Они вспоминаются мне и сейчас, в институте. Но на этот раз не приносят спокойствия. Я все больше и больше тревожусь: а как долго будет длиться этот «глухонемой» период? А чем он закончится? Вдруг полной «немотой»? И нужно ли ждать сложа руки? Ведь можно, наверное, и не ждать? Писал же Брюсов: «…Вперед, мечта, мой верный вол! Неволей, если не охотой…»
А что, если я вообще больше никогда не напишу ни строчки?
Мне кажется, что весь мир вокруг меня живет, двигается, смеется, ликует, а я как заколдованная спящая царевна: вижу людей, понимаю их, но не могу ни пошевелить рукой, ни ответить, ни улыбнуться.
Суп из русалки
Утомившись бездельничать, я собираю в охапку учебники и спускаюсь в подвал «в рассуждении чего бы покушать».

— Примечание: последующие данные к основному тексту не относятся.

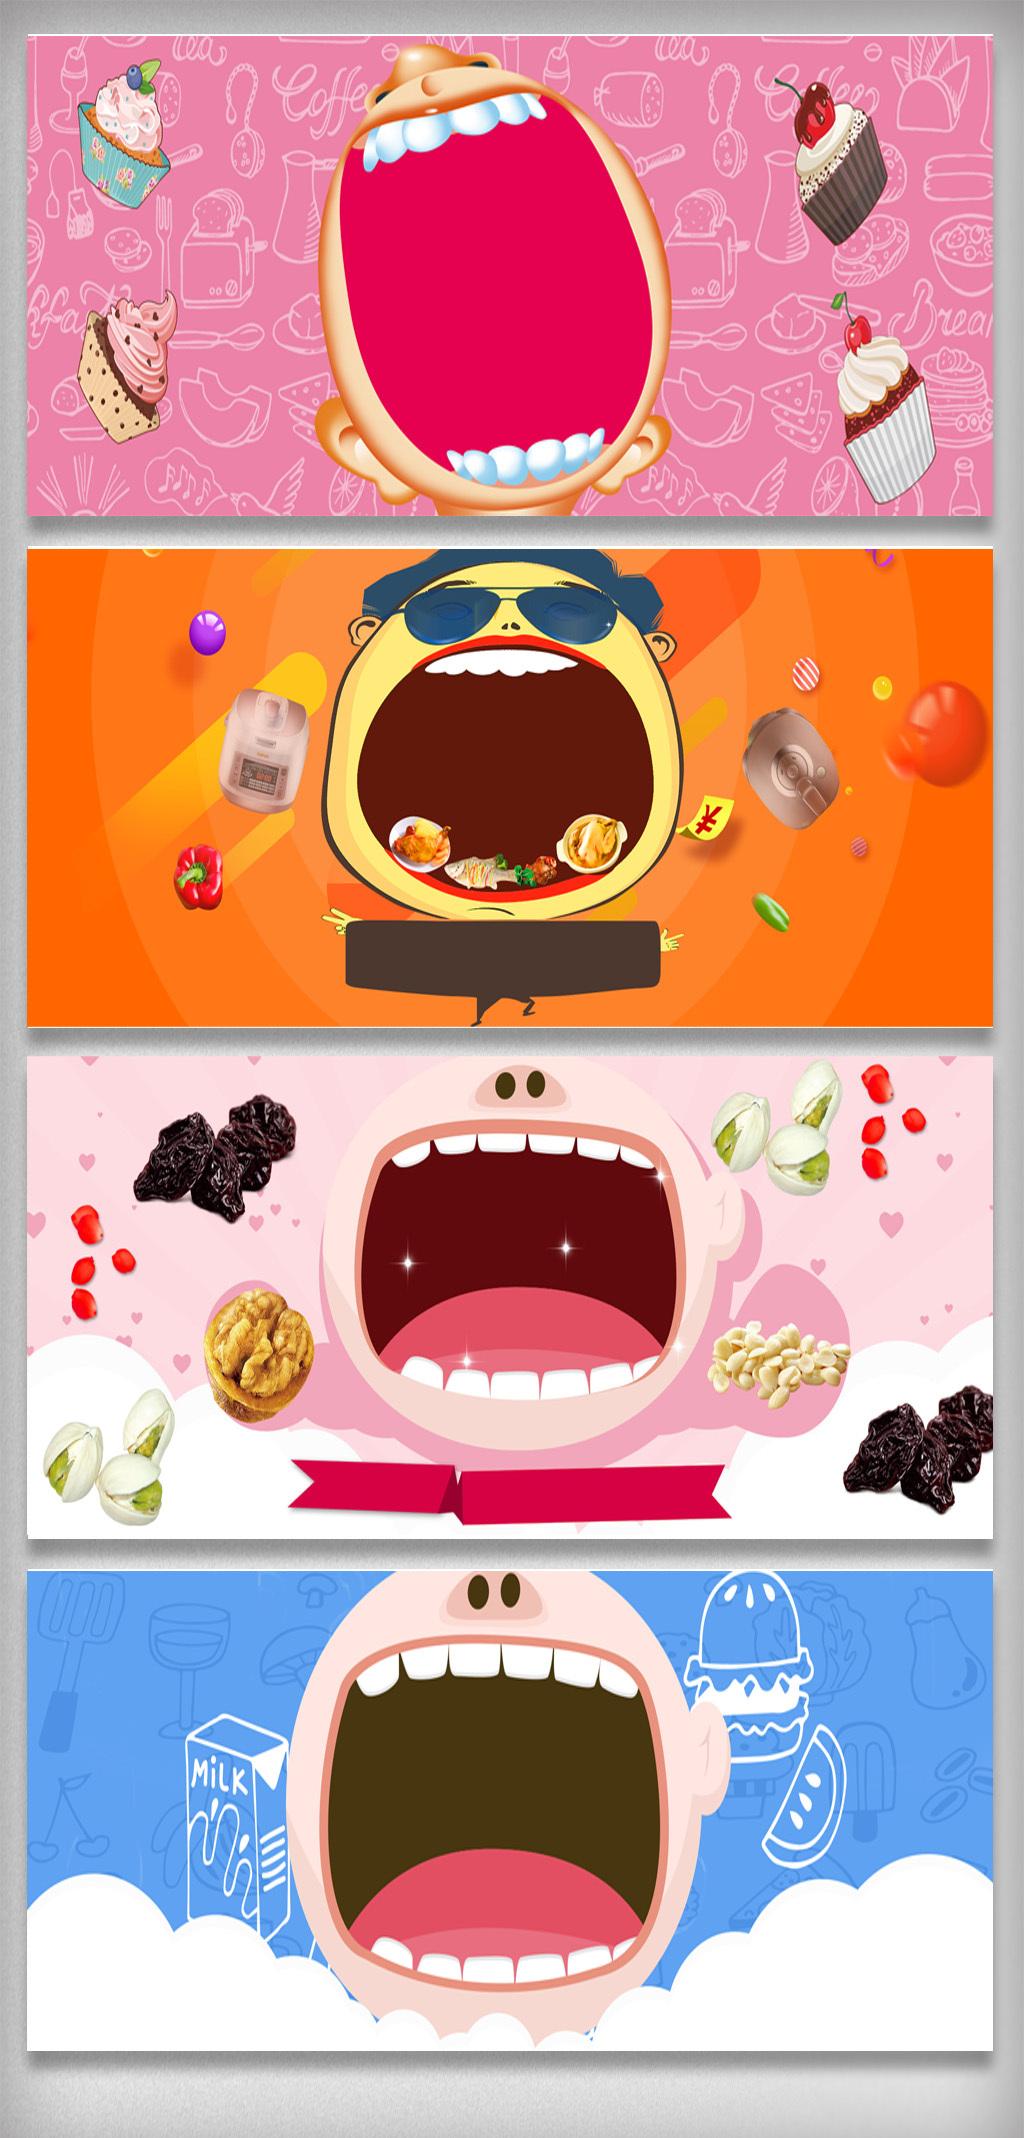 彩色大嘴巴手绘卡通吃货节海报背景元素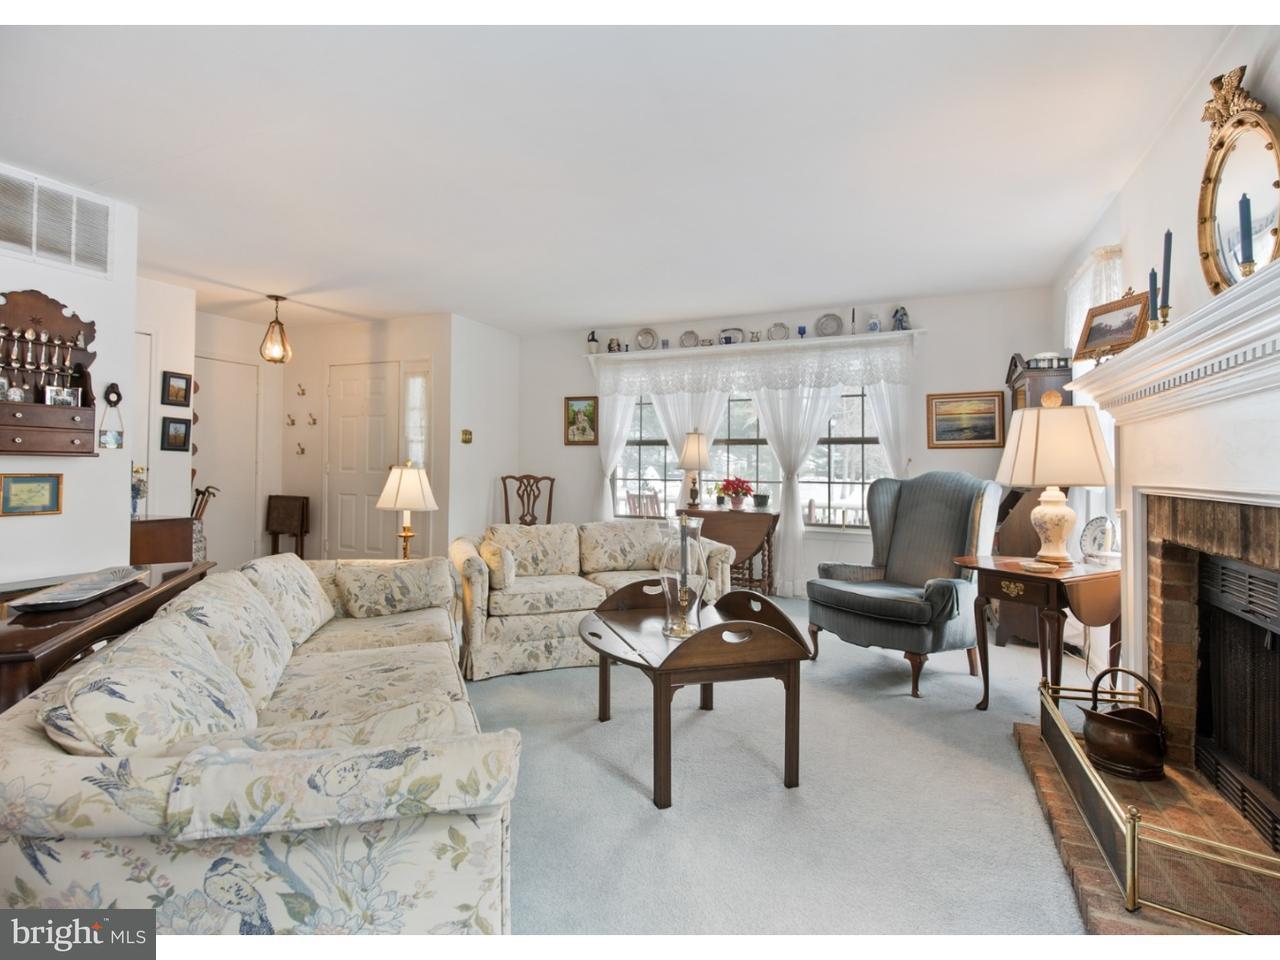 Casa unifamiliar adosada (Townhouse) por un Venta en 31 BRETSHIRE Court Medford, Nueva Jersey 08055 Estados Unidos

Если пища духовная в нашем доме разнообразна и обильна, то завтраки, обеды и ужины оставляют желать много лучшего. Вернувшись из столовой, уже на пороге мои «дочери» восклицают, обращаясь друг к другу:
— Пожрем?
Но «жрать» нечего.
Когда у нас водится фасоль, присылаемая Рите из дому, мы счастливы и вечерами тайком пробираемся в директорский кабинет: там единственная в институте не срезанная комендантом розетка. Мы запираемся на ключ и на электрической плитке варим дивное фасолевое пюре. Но… запах фасоли, видимо, разносится по коридорам довольно далеко и долетает, наконец, и до вечно бодрствующего бдительного коменданта.
Однажды среди ночи — фасоль почему-то варилась удивительно долго — кто-то властно и строго постучал в нашу дверь. Мы посовещались. Открыли. На пороге стоял сам комендант. Он качал головой.
— Так и знал! Так и знал! — сказал он, безнадежно махнув рукой. — Ну что мне с вами делать? Штрафовать? Ведь лимит же, лимит!.. Как вы не понимаете?!
С этого дня директорский кабинет стал запираться особенно тщательно, на два замка.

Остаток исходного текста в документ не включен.